Povertà non vuol dire progresso. E socialità non vuol dire sinistra. Chi proviene dalla cosiddetta destra sociale, lo sa benissimo. Non c’è alcun ossimoro di fondo. Anzi, c’è una coerenza di base che è stata semplicemente offuscata da un certo intellettualismo figlio del pensiero del XIX, che stenta ancora a non cedere il passo a categorie più veritiere. Patria è popolo. E viceversa. Già: nulla di più semplice. E ancora: il cosiddetto popolo, per rigenerare se stesso, deve amare, lavorare e – non faccia paura questa parola- combattere.
Papa Francesco è per il popolo, ma non è progressista. Ci voleva la chiarezza del solito, e mai banale, Vittorio Messori per mettere ordine al profilo intellettuale e pastorale dell’attuale Vescovo di Roma. Con una certa vis argomentativa, l’autore di Ipotesi su Gesù, dalle colonne del Corriere della sera ha infatti: «Papa Francesco è tra gli eredi della lunga e ammirevole tradizione di cattolicesimo detto sociale. Per una serie di equivoci e di deformazioni propagandistiche, si è imposto e vige ancora uno schematismo, secondo il quale l’impegno per gli ultimi si accompagnerebbe necessariamente a una prospettiva sedicente “progressista”. E, nel caso cattolico, ”contestatrice”, eterodossa, polemica verso dogmi e gerarchie».

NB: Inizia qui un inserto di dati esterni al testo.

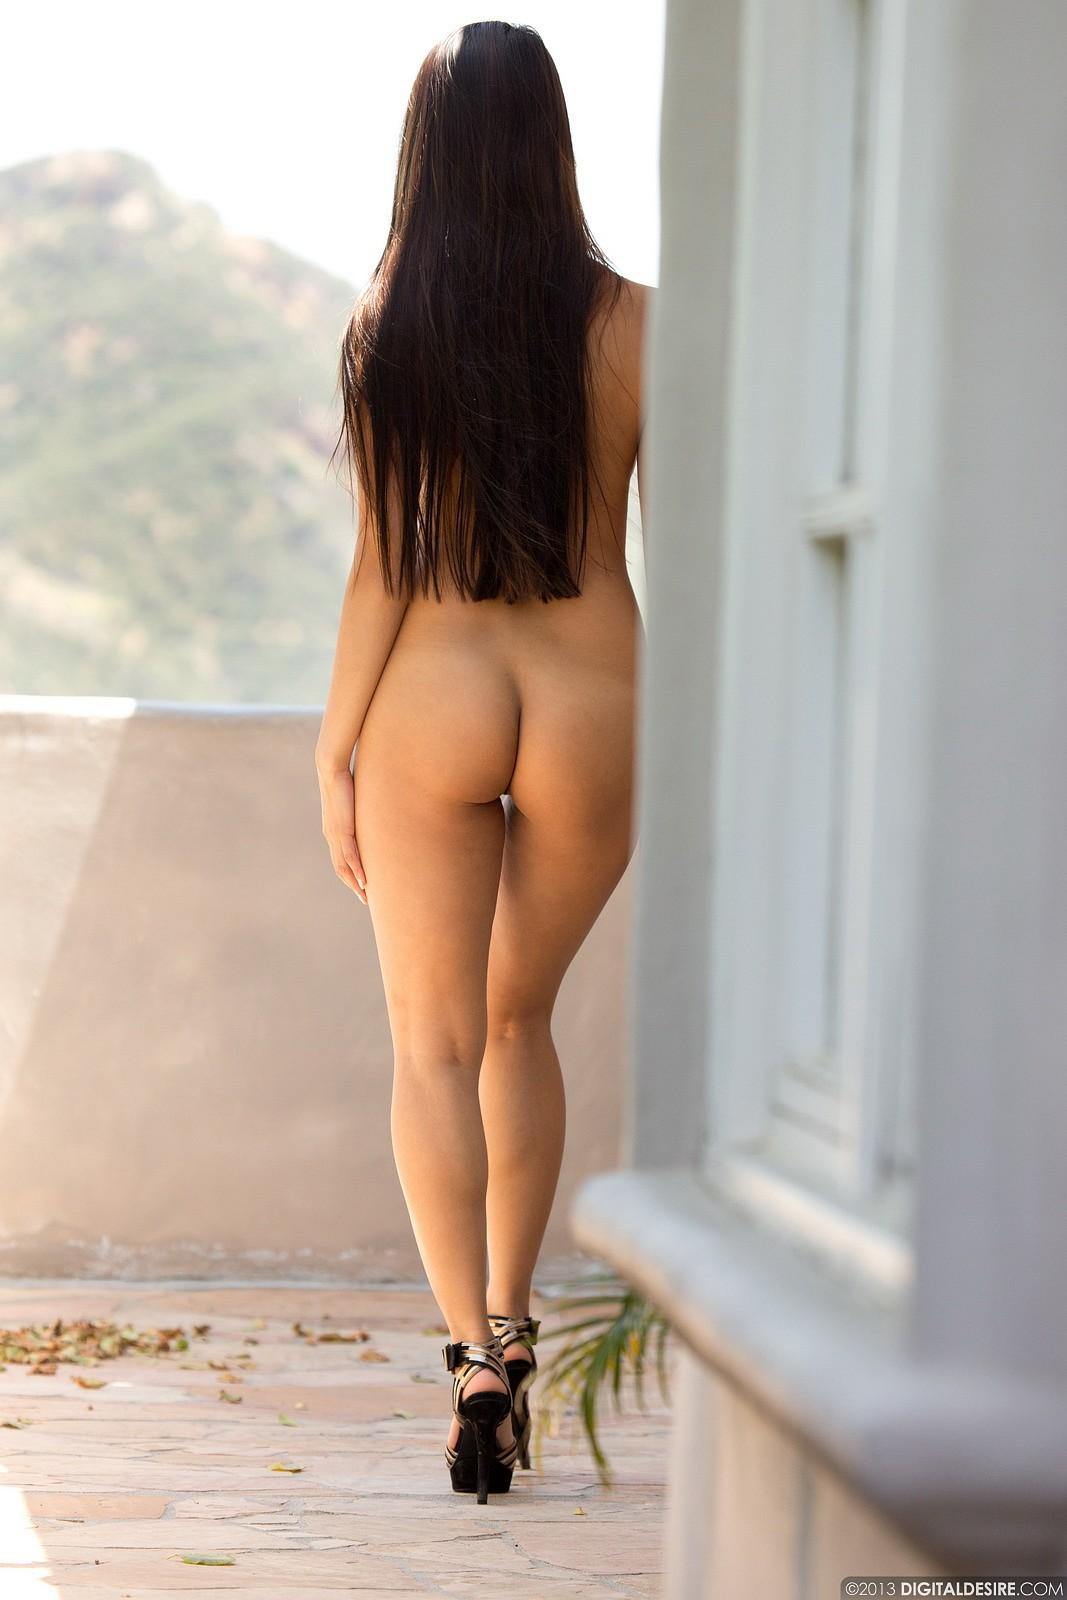 Sharon Lee, asian, nude, busty, ass, coffee, balcony

Il problema è dunque centrato. Povertà non è contestazione o conflitto. L’esempio più autorevole di questa linea interpretativa lo ha proposto, tanto per non sbagliare, il santo e mistico di Assisi. Francesco fu un vero ribelle, nel senso più jüngeriano del termine. Una personalità assolutamente non-conforme, ma mai un rivoluzionario. Non voleva sovvertire nulla, semmai si propose di ricondurre alla sua essenza originaria la Chiesa universale. Questo programma, però, lo volle realizzare dal “di dentro”, sottomettendosi totalmente al vicario di Cristo in terra, e non a sé stesso o all’autorità di una Vangelo vissuto e interpretato fuori dalla comunità ecclesiale, che -fino a prova contraria- è il luogo dove i quattro evangeli sono stati scritti, ragionati e vissuti.
Papa Francesco è per il popolo, ma non ha nulla a che vedere con i venti della Teologia della liberazione. Anche qui, è stato un grande vaticanista a stracciare un equivoco che vuole fare di tutta l’America latina un faccio di pensiero unitario. Nei scorsi giorni Sandro Magister ha messo in luce, attraverso il suo blog, chi sia il maestro ispiratore del pontefice attualmente regnante: “L‘argentino Juan Carlos Scannone, anche lui gesuita inviso ai più, che era stato suo professore di greco e che aveva elaborato una teologia non della liberazione ma “del popolo”, centrata sulla cultura e la religiosità della gente comune, dei poveri in primo luogo, con la loro spiritualità tradizionale e la loro sensibilità per la giustizia”.
“Oggi – ha continuato Magister- Scannone ha 81 anni e dai più è ritenuto il massimo teologo argentino vivente, mentre su quel che resta della teologia della liberazione già nel 2005 Bergoglio chiuse il discorso così: “Dopo il crollo del ‘socialismo reale’ queste correnti di pensiero sono sprofondate nello sconcerto. Incapaci sia di una riformulazione radicale che di una nuova creatività, sono sopravvissute per inerzia, anche se non manca ancora oggi chi le voglia anacronisticamente riproporre”.
Appunto, dice bene Bergoglio: “Anacronisticamente”.